Stored dataset items
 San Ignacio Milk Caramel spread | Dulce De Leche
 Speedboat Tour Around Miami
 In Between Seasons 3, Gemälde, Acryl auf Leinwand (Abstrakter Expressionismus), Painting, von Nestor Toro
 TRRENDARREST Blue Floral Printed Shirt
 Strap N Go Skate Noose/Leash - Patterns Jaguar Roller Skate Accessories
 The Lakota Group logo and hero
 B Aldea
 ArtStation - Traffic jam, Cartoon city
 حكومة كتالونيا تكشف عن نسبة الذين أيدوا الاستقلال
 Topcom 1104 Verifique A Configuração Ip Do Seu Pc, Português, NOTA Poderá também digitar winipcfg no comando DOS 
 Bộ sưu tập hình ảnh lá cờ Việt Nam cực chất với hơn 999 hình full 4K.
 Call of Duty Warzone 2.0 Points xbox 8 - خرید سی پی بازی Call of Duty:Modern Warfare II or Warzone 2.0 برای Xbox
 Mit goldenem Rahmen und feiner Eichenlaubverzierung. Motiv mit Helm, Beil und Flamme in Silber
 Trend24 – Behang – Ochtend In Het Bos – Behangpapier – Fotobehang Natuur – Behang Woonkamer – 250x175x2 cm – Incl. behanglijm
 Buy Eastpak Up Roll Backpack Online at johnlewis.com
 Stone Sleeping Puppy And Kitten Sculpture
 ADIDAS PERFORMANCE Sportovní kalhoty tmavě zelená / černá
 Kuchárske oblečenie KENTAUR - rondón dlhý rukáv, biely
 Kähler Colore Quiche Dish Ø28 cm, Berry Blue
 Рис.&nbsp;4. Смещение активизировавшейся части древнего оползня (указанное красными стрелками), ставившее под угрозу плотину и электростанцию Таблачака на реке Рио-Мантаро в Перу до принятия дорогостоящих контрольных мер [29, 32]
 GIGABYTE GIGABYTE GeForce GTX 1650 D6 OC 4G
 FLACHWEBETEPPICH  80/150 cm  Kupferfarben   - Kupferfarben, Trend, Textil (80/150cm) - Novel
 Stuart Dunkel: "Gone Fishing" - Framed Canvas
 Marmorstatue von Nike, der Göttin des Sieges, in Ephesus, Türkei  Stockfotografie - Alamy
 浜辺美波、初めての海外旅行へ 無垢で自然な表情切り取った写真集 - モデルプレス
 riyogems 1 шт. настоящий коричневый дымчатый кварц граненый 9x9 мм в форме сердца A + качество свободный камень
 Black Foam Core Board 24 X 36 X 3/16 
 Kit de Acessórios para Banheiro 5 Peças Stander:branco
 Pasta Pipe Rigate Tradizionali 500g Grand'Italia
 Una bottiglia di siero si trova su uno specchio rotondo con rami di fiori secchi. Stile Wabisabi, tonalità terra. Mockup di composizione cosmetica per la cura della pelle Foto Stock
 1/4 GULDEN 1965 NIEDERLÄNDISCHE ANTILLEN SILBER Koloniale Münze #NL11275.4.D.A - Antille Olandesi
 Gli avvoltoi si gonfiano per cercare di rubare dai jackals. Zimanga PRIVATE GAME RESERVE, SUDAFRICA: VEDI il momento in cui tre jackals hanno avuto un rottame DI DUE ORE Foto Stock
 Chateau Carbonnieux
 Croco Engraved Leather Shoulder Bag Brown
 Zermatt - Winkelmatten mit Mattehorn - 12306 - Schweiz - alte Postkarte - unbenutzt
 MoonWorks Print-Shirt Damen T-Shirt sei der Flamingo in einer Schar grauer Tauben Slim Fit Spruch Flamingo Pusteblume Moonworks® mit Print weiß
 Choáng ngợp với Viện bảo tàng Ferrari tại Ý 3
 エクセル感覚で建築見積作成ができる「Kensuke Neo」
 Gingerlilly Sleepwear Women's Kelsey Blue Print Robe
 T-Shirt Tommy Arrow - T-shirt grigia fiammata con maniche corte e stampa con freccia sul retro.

- [PROBLEM STATEMENT]: All lines above holding the word "Shirt" make up the answer; copy each one.

- [EXPECTED OUTPUT]:
 TRRENDARREST Blue Floral Printed Shirt
 MoonWorks Print-Shirt Damen T-Shirt sei der Flamingo in einer Schar grauer Tauben Slim Fit Spruch Flamingo Pusteblume Moonworks® mit Print weiß
 T-Shirt Tommy Arrow - T-shirt grigia fiammata con maniche corte e stampa con freccia sul retro.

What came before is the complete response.